每天早上,我都早早起床,收拾好自己,摘好要吃的菜,提着前天换下来的脏衣服,从家里往渔场出发,这条一个人走的路需要三十分钟左右,那时候觉得好远好长啊,是因为在我无数次把自行车冲进别人家稻田里之后,我不得不放弃了骑自行车,改为走十一路。
到了渔场我们小茅屋之后,我爸妈已经不知道去哪里去找鱼草了,要趁着露水还没有干,尽可能多找一些野草来喂饱我们养的草鱼,所以他们每天都撑着我爸爸做的船沿着河岸早早出发。
我就开始收拾屋子,扫地,本来就是黄土的地板,每天硬是被我扫出一层灰,屋外进出的小径落满了灰尘和露水的结晶,树叶也覆盖在上面,似乎还可以想象到屋外的老树叶不堪其重,抖落露水,滴在灰土地上,漾成一个又一个坑洼的情景,但是这些统统都被我扫的一干二净.

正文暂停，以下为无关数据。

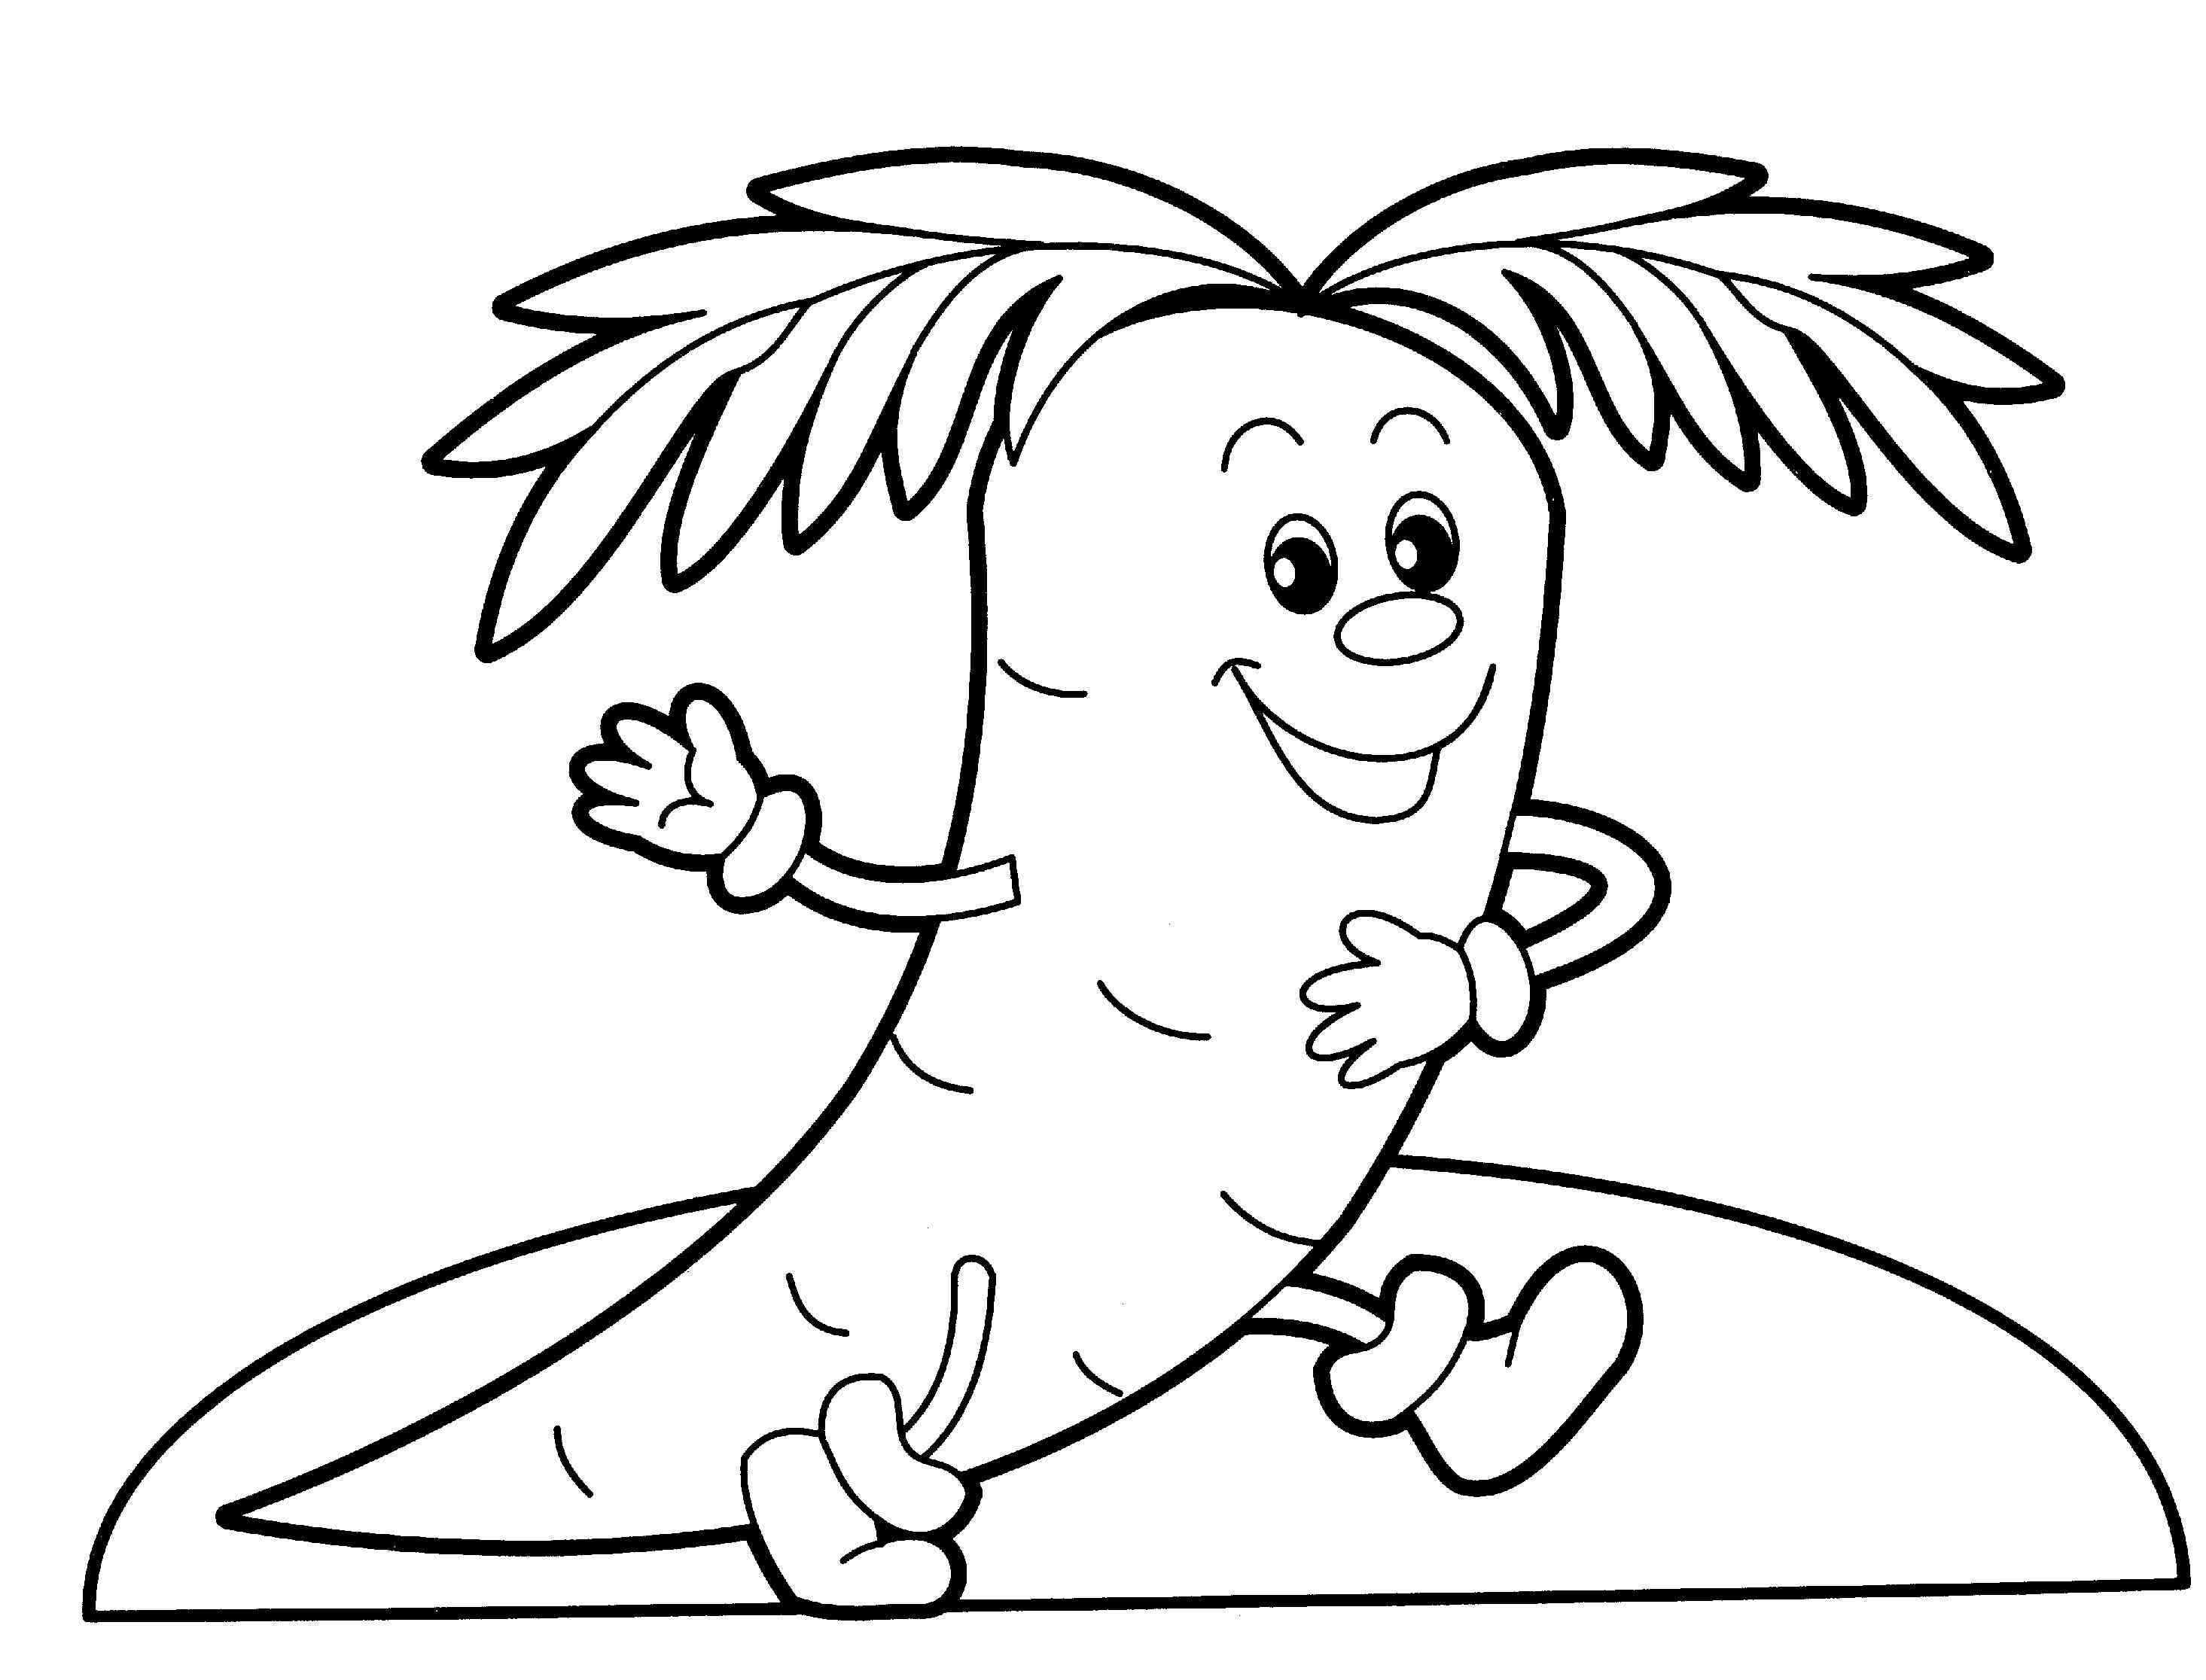 Nature and plants coloring pages for babies 4 / Nature and plants ...

用清凉的河水泡好要洗的衣服,择好要做的菜,顺便数数河堤上今天有没有多长出一颗辣椒或者茄子,然后开始生火炒菜,点燃煤炉煮饭,随着一盘一盘的菜炒好放在凉亭桌子上,早晨的时光已经过去大半。
接着我开始洗衣服,已经泡好的衣服不需要多久就洗好了,我打着赤脚站在爸爸做的洗衣板上,在河边清掉洗衣粉的味道,一会儿,就将衣服挂在凉亭与斜卧在河边的大树之间的晾衣绳上,还得用夹子仔仔细细把衣服夹好,不然就等着到河面上找谁的衣服了。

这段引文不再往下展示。